Novelist Finds Time To Write While Waiting For Her Kids To Come Home

Mothers with interests beyond the home are always looking for ways to squeeze in extra time here and there. Whether it’s to paint, scrapbook, watch sports, or even work part-time, the need for more time is insurmountable. Margaret McLean, author of Under Fire, has revealed how she manages to work on her manuscripts despite being a single mother to three kids. She says that her secret is that now that her kids are bit older, they’re never home.

McLean told the Tauntan Daily Gazette:

”I multi-task and always have my legal pad with me,” said McLean, who is excited that the play is almost ready for production. ”You’d be surprised how much time there is waiting to pick up kids. When I’m not teaching, I start writing as soon as the kids are on the bus, and I sit at the computer until they come home. When I have too much time, I get less done.”

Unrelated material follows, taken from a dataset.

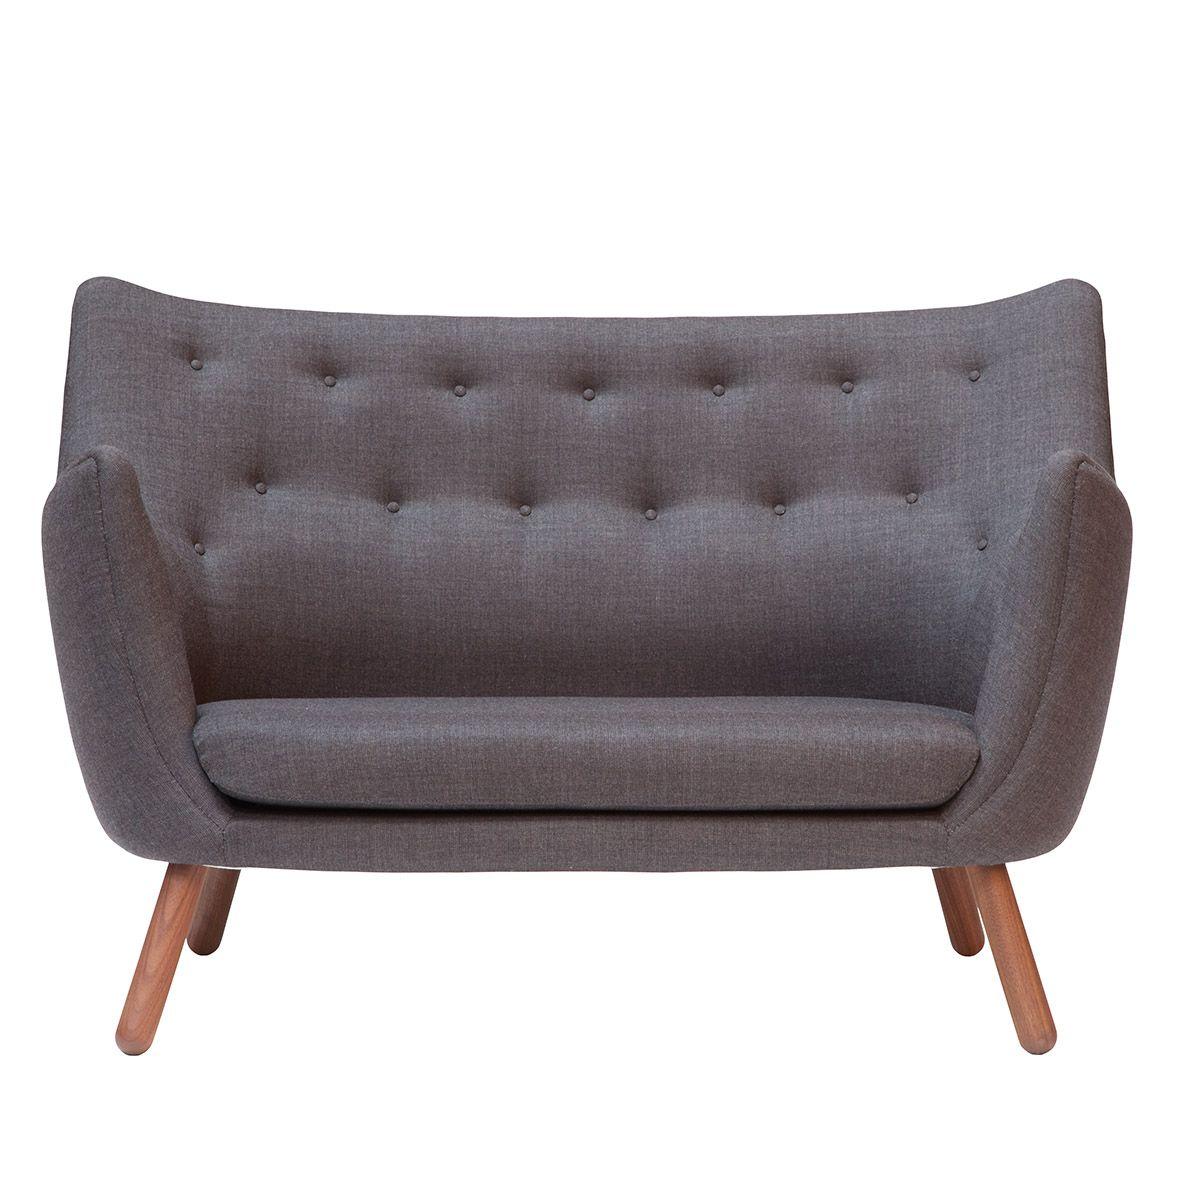 finn juhl poet sofa sale friheten corner bed slipcover sofá poeten 1941 el mueble del siglo xx
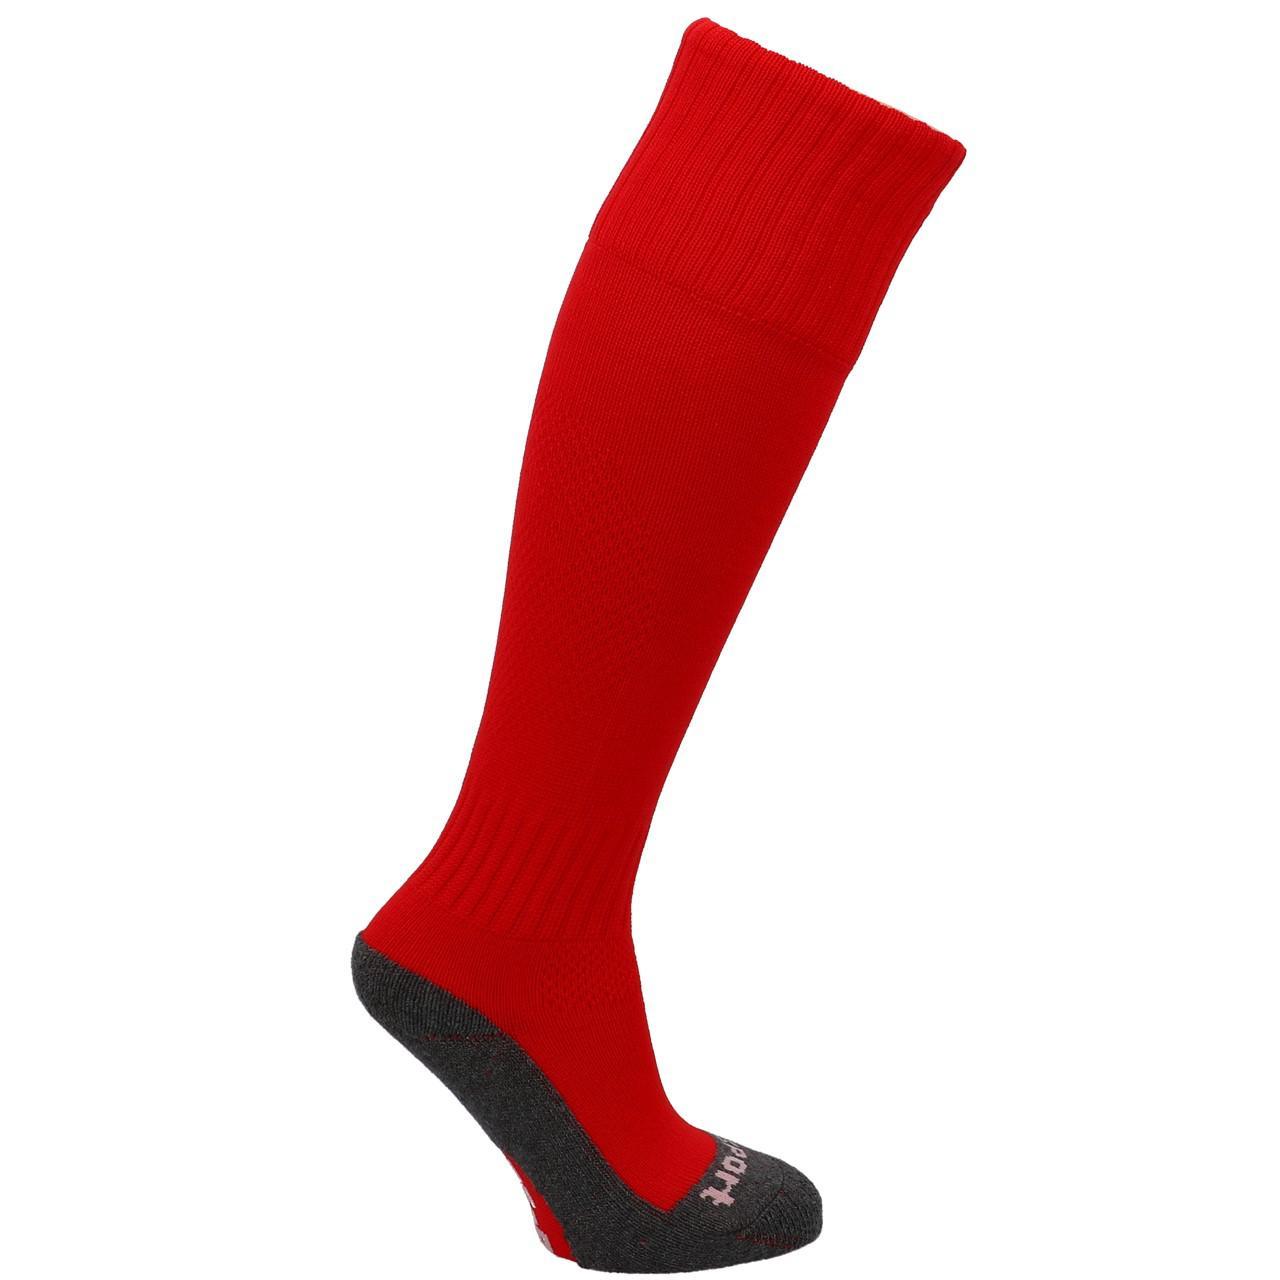 Socks-Football-Uhlsport-Team-pro-Ess-Red-Red-71122-New thumbnail 2

Women pursuing the craft of fiction in the few moments of the day when no one is home is a long-standing literary tradition. Sylvia Plath was said to rise in the early morning hours to toil away with her fiction before waking her children for school. Virginia Woolf advocated that the only way women were to write, and be seen as literary figures, was to have a space and a literal room of one’s own in which no other voices or needs were present.

McLean’s careful use of her time falls right in line with a literary pattern for women, but one that most likely can only be emulated by mothers of older kids.